Interpretable neural network models of visual cortex - A scattering transform approach
Donald Shi Pui Li, Michael F. Bonner, Johns Hopkins University, United States
Posters 2 Poster
Pacific Ballroom H-O
Fri, 26 Aug, 19:30 - 21:30 Pacific Time (UTC -7)
Deep neural networks excel at predicting image-evoked cortical responses in the human brain. However, their performance relies on deep learning with large datasets, resulting in black-box models whose internal representations are challenging to interpret. Here we consider an alternative to standard deep neural networks known as the scattering transform. Like a convolutional neural network, the scattering transform has a hierarchical structure with multiple convolutional and non-linear activation layers. However, instead of having learnable convolutions, these models have pre-defined Gabor-like wavelets in every convolutional layer, which means that no learning is required.

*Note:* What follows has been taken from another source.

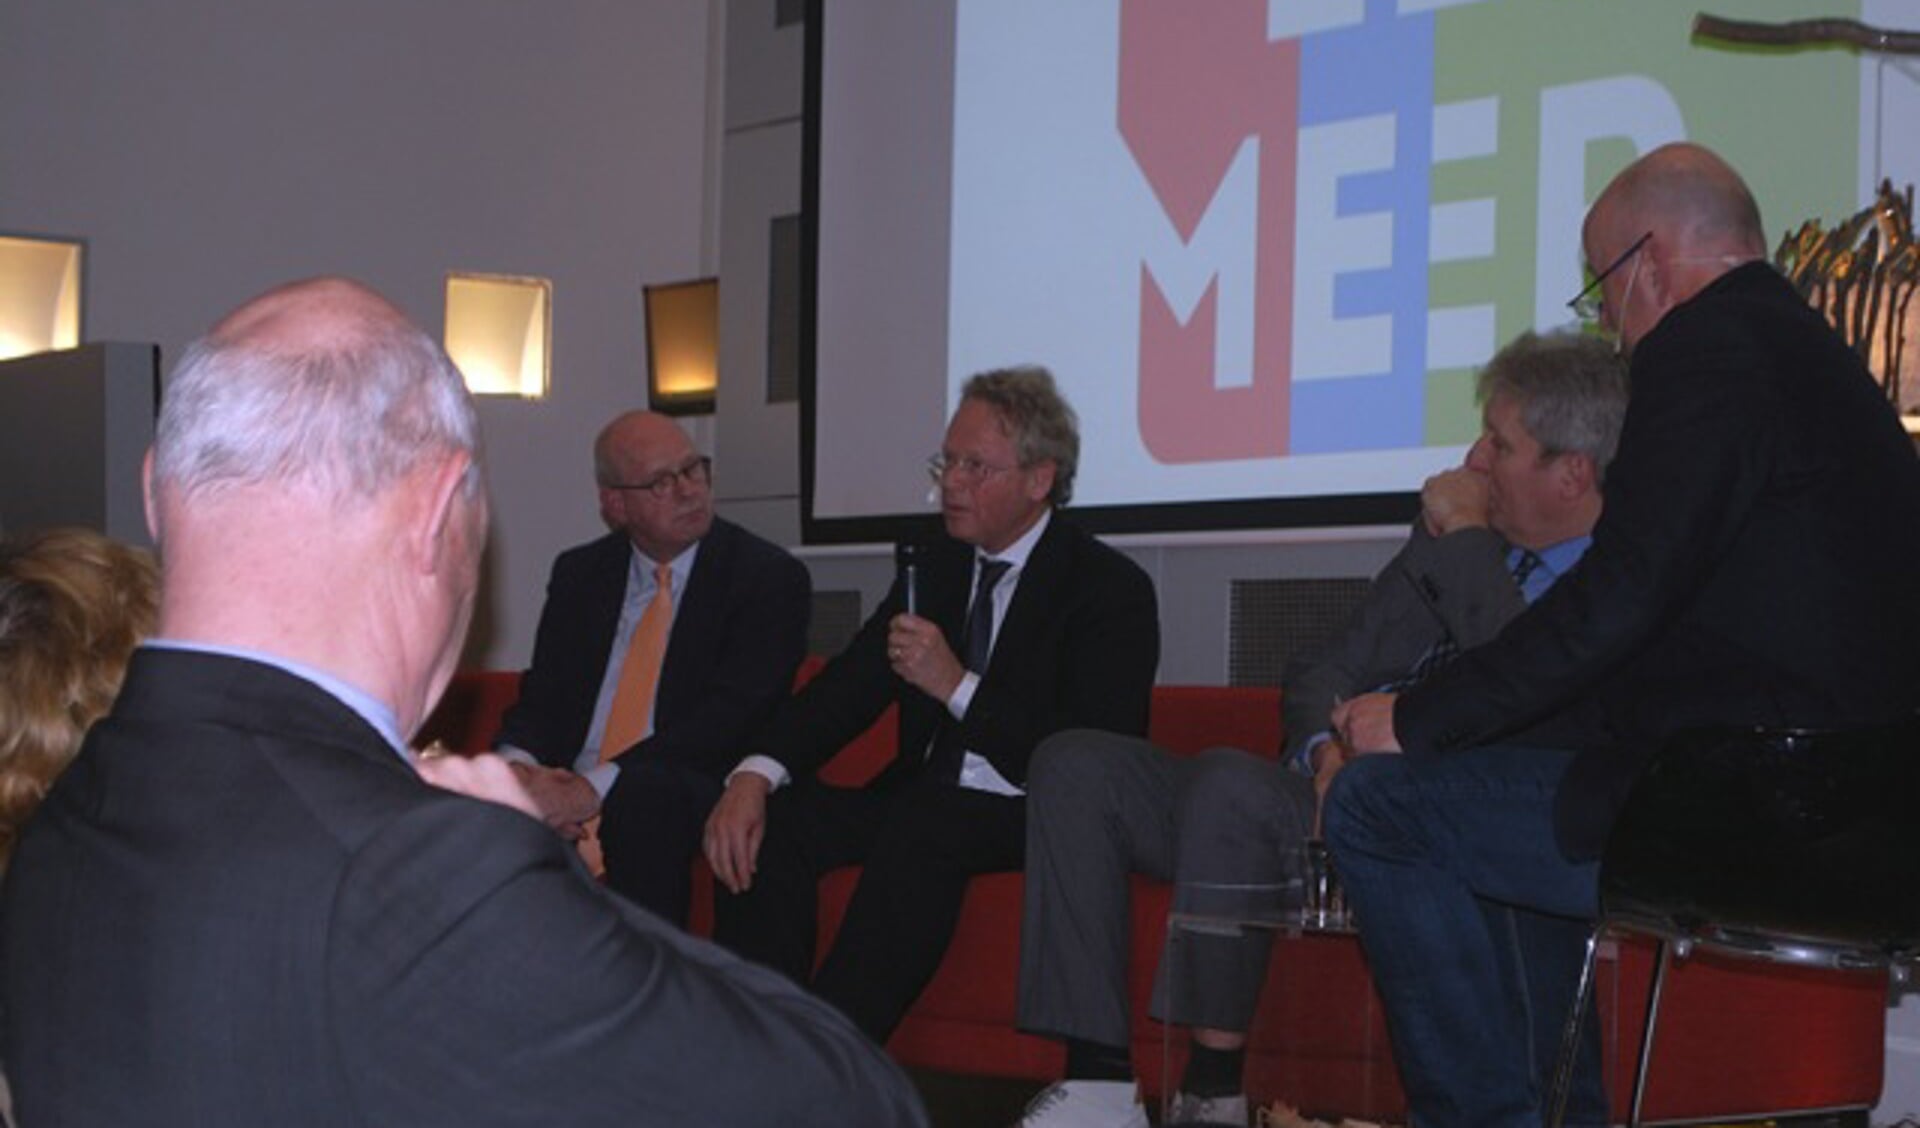 Een interview voor alle gasten met (van links naar rechts:) Fred Dellemijn (wethouder Heiloo), Dick Winkelhuis (voorzitter van de Stichting Beheerschap Boekelermeer) en Victor Kloos (wethouder Alkmaar).
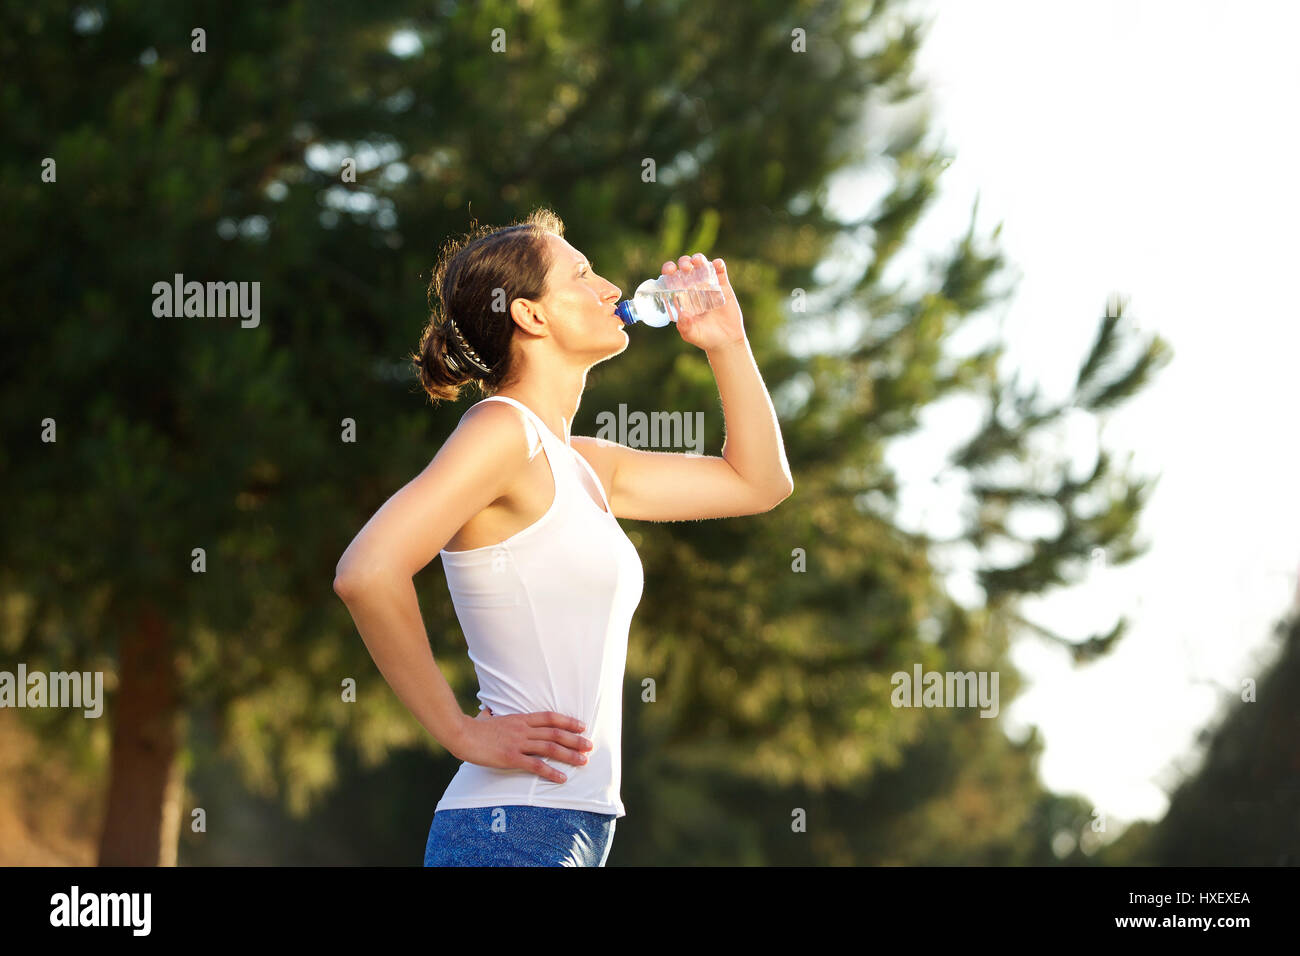 Portrait d'une femme en bonne santé l'eau potable de la bouteille après entraînement Banque D'Images

The higher-order representations of this model can be interpreted as contour co-occurrence statistics. We examined fMRI datasets of human object and scene perception and found that a relatively simple and compact scattering transform model can provide surprisingly good predictions of image-evoked responses in high-level visual cortex. Our findings show that the scattering transform approaches the performance of Places365-pretrained AlexNet and may provide a more interpretable and parsimonious modeling framework for the computational neuroscience of vision.